The display device was constructed by continuously changing the wavelength to nm. In addition,
The composite multilayer film that reflects and reflects light of each wavelength includes a composite multilayer film for P-wave and a composite multilayer film for S-wave, respectively.
In the liquid crystal layer of the composite multilayer film for waves, the orientation direction of the long axis of the liquid crystal molecules when no voltage is applied is almost horizontal to the film and parallel to the paper surface.
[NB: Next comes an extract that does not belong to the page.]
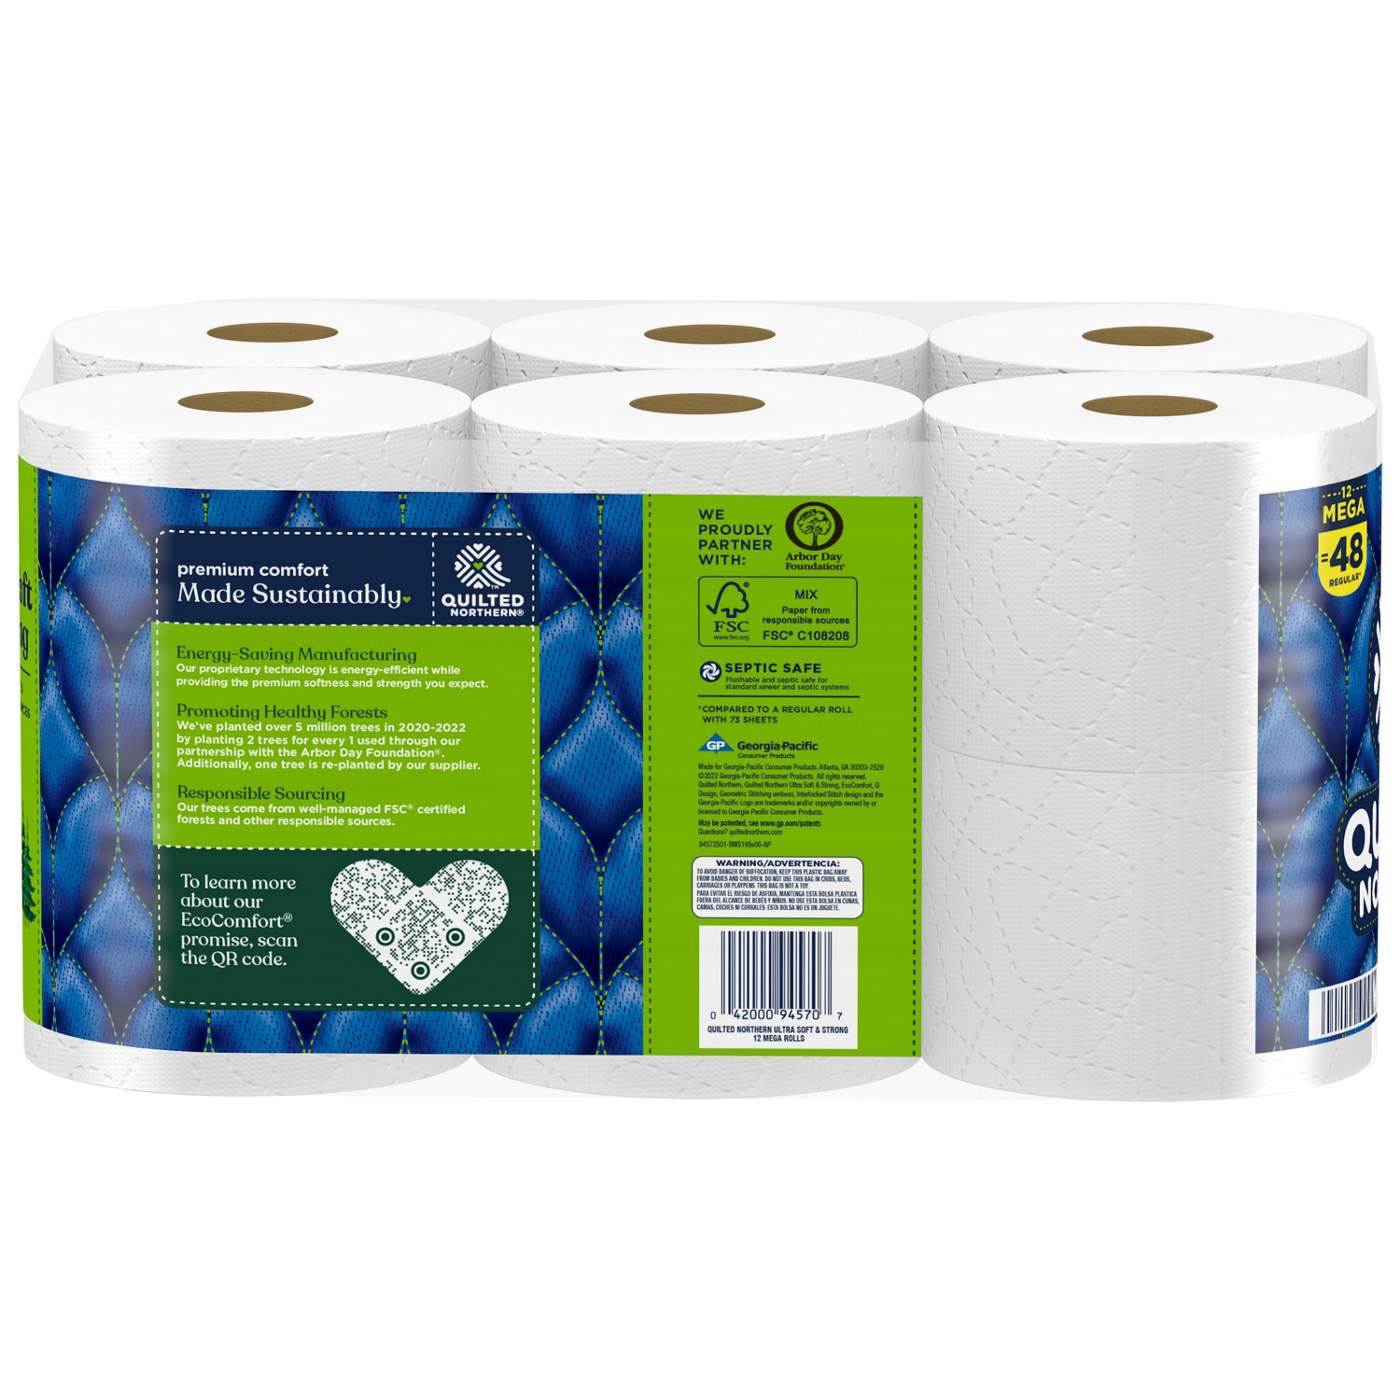 Quilted Northern Ultra Soft & Strong Toilet Paper; image 3 of 3

In the liquid crystal layer, the alignment direction of the major axis of the liquid crystal molecules when no voltage was applied was almost horizontal to the film and perpendicular to the paper. In the composite multilayer film that reflects and reflects light of each wavelength, the number of layers of the P multilayer composite film and the liquid crystal layer and the number of the S multilayer composite film and the liquid crystal layer are the same. did.
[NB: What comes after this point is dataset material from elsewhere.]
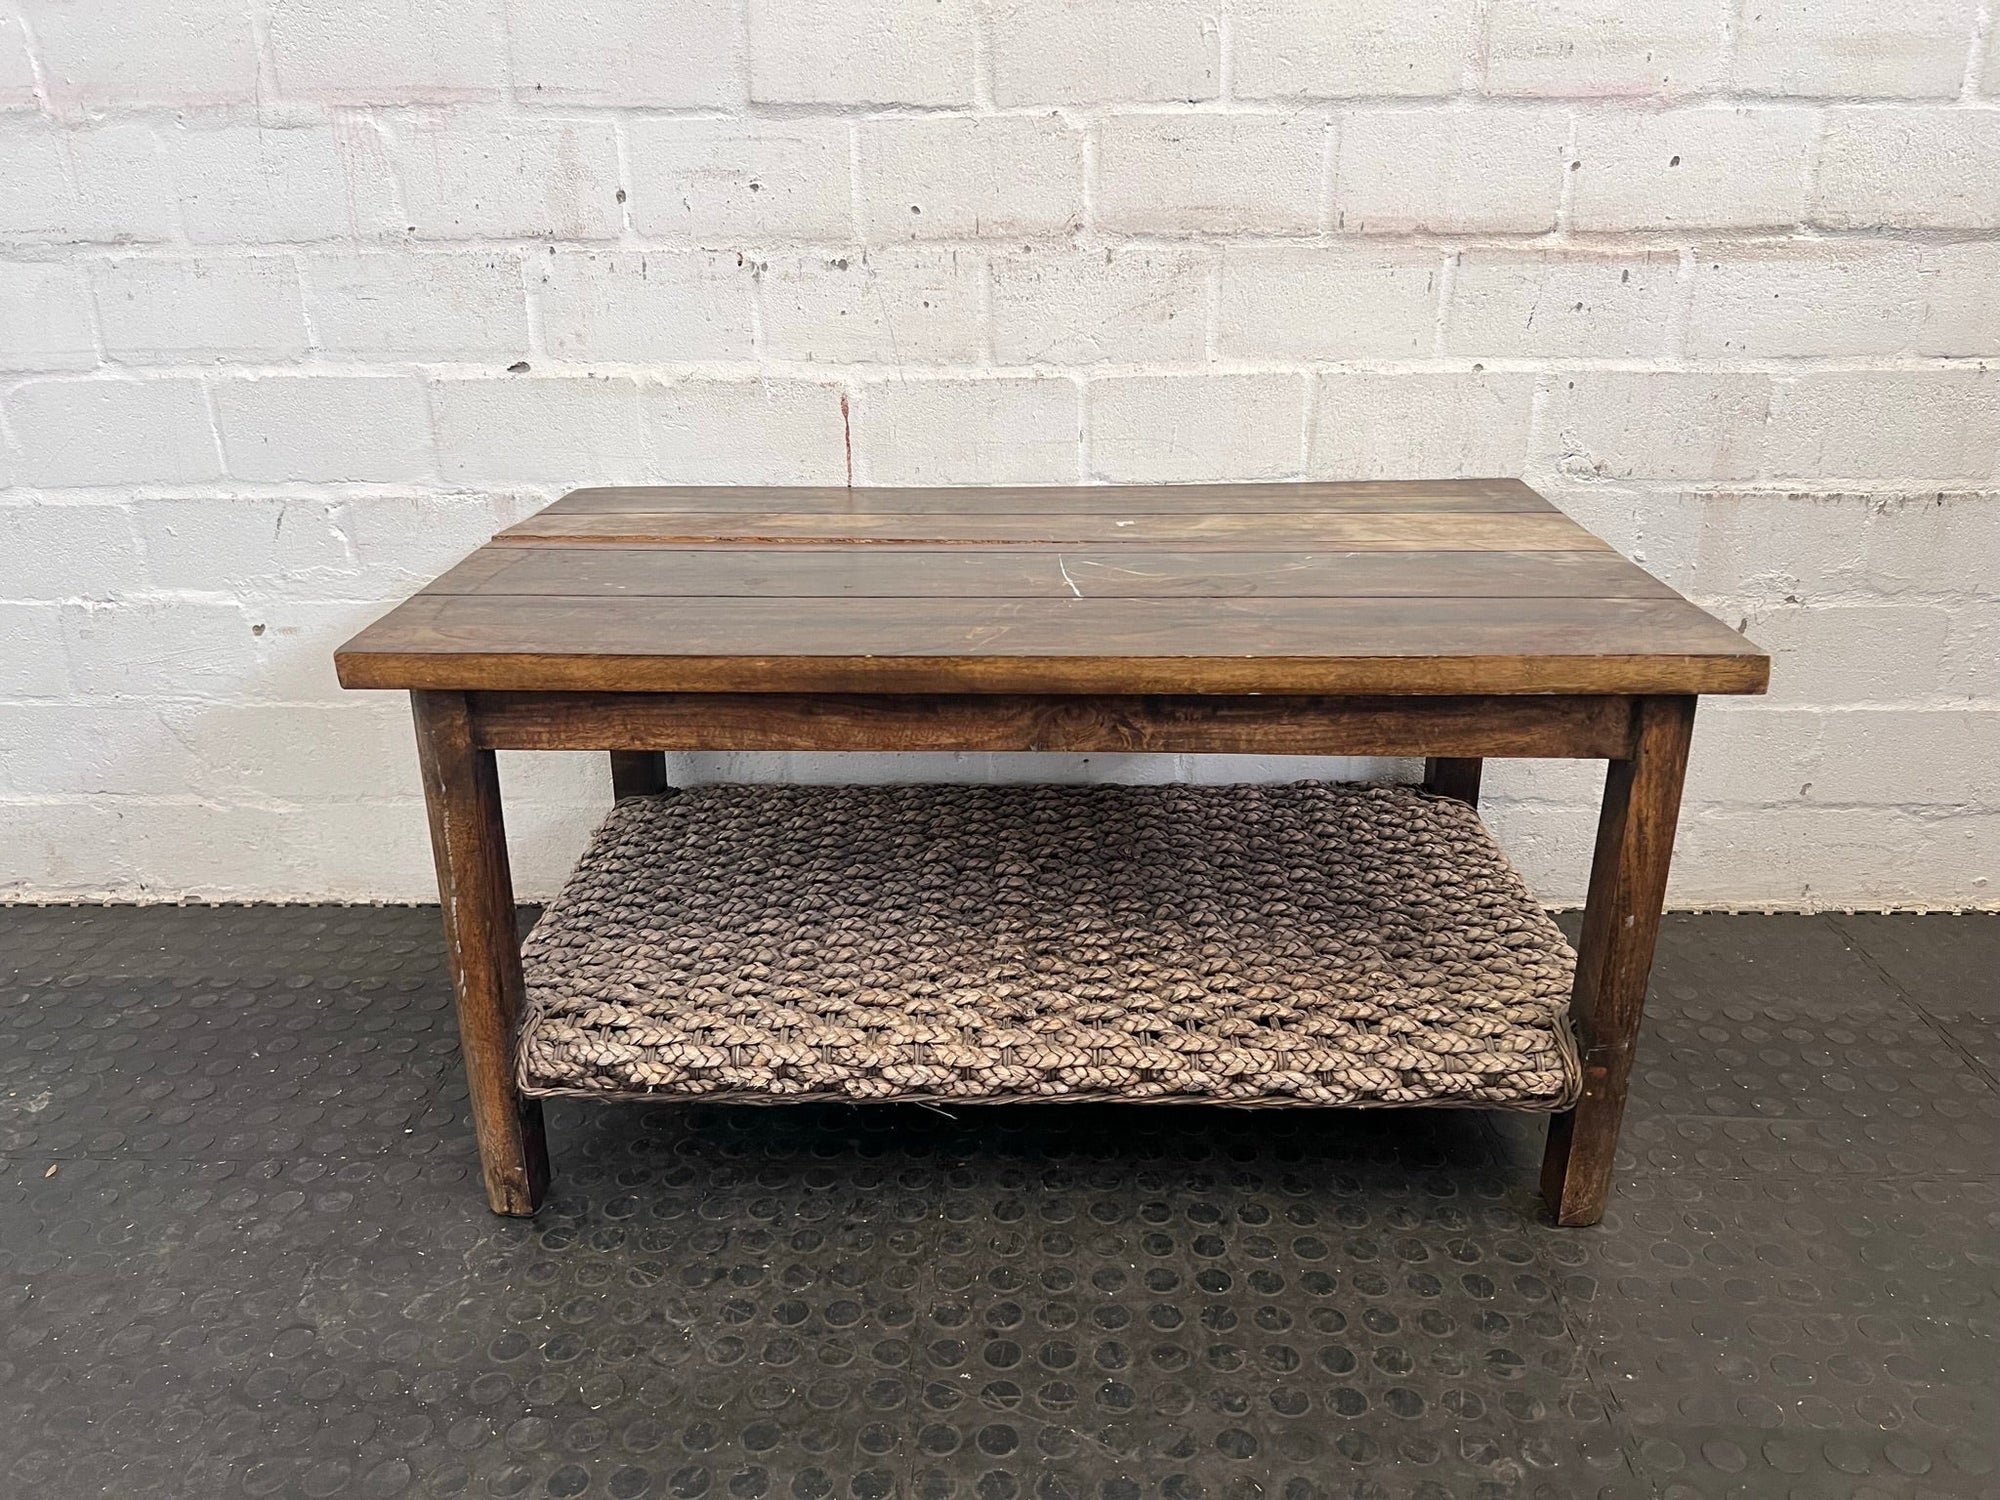 Wooden Rustic 2 Tier Coffee Table - REDUCED

[0141] In this embodiment, the refractive index n ₁ of the long axis direction of liquid crystal molecules, the minor axis direction of the refractive index n _2, respectively, n ₁
/ N ₂ = 1.6 / 1.5, 1.55 / 1.4, 1.7 /
1.5, 1.15 / 1.3, and the reflectance distribution of each display device when a voltage is applied is shown in FIGS. 47A, 47B, and 48.
A and 48B respectively. Each of the films uses a birefringent film. The refractive index in the X-axis direction is equal to the refractive index in the long-axis direction of adjacent liquid crystal molecules.
The refractive index in the axial direction is also set to be equal to the refractive index in the minor axis direction of adjacent liquid crystal molecules. In these figures, the horizontal axis represents wavelength, and the vertical axis represents reflectance. In each of these figures, the total number of liquid crystal layers and films in the composite multilayer film that reflects and reflects light from 450 nm to 750 nm is 51 × 2 (a), 101 × 2 (b), and 1 × 2, respectively.
51 × 2 (c), 201 × 2 (d), 251 × 2
(E), 301 × 2 (f), 351 × 2 (g), 401
× 2 (h), 451 × 2 (i) and 501 × 2 (j)
In each case, the reflectance is determined. Here, for example, in the case of a, 51 × 2 means that the number of layers of the composite multilayer film for P wave is 51 and the number of layers of the composite multilayer film for S wave is 5
1 is shown. Therefore, in the case of the present embodiment, the total number of layers is 51 × 2 = 102. The same applies to the cases of b to j.
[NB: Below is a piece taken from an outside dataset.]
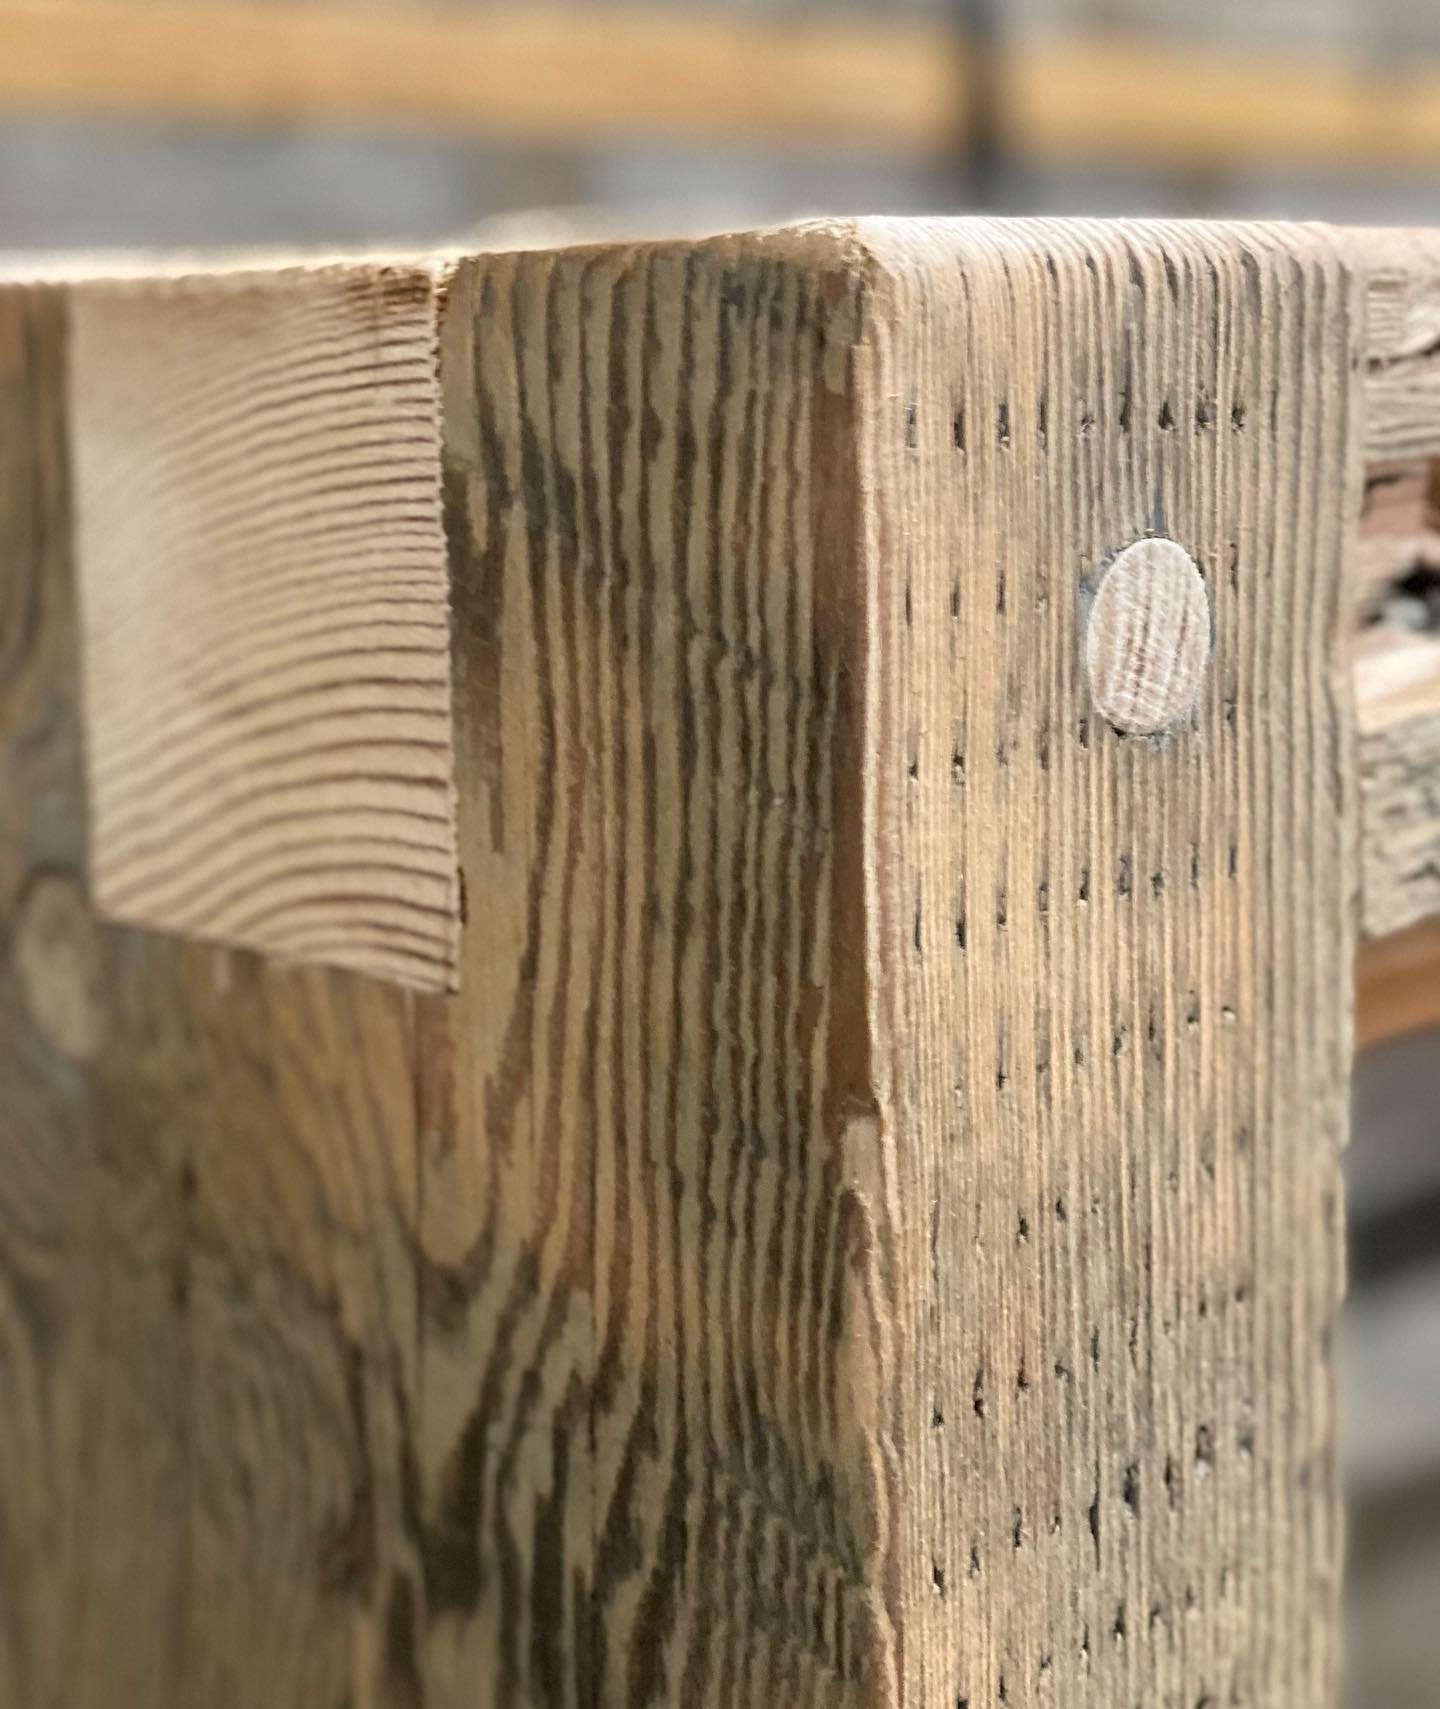 A few progress shots of a chunky recycled Douglas Fir bench seat that we have in production. This one&rsquo;s going to be a ripper. 👍⚒️🌳

Birefringence of liquid crystal (= refractive index in long axis direction (n ₁ , n _CL1 ) / refractive index in short axis direction (n ₂ , n
_The greater the _CL2 )) and the greater the number of layers, the higher the reflectance.

FIG. 49 shows the relationship between the total number of layers and the reflectance using the birefringence as a parameter. According to this, when the birefringence is 1.1 or more and the total number of layers is 100 or more, a reflectance higher than that of the conventional TN liquid crystal can be obtained.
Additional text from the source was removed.